__ACTIVITY__: Lines before the one containing "A hand painted" are left out; output the rest of the data exactly, through the final line.

(Stored data)

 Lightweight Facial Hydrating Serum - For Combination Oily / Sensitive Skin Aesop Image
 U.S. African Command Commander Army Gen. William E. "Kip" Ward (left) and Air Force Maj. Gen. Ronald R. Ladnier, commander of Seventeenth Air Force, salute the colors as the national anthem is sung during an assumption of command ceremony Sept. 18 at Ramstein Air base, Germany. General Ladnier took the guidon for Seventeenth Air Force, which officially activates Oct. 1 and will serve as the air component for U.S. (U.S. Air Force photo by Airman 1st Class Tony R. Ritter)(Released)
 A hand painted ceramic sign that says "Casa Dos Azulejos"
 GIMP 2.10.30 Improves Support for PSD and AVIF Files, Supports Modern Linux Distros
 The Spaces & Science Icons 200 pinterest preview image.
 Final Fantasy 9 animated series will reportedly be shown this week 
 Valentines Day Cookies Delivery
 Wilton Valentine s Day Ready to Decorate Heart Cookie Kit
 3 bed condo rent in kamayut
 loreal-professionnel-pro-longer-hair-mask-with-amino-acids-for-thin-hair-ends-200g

__EXPECTED ANSWER__:
 A hand painted ceramic sign that says "Casa Dos Azulejos"
 GIMP 2.10.30 Improves Support for PSD and AVIF Files, Supports Modern Linux Distros
 The Spaces & Science Icons 200 pinterest preview image.
 Final Fantasy 9 animated series will reportedly be shown this week 
 Valentines Day Cookies Delivery
 Wilton Valentine s Day Ready to Decorate Heart Cookie Kit
 3 bed condo rent in kamayut
 loreal-professionnel-pro-longer-hair-mask-with-amino-acids-for-thin-hair-ends-200g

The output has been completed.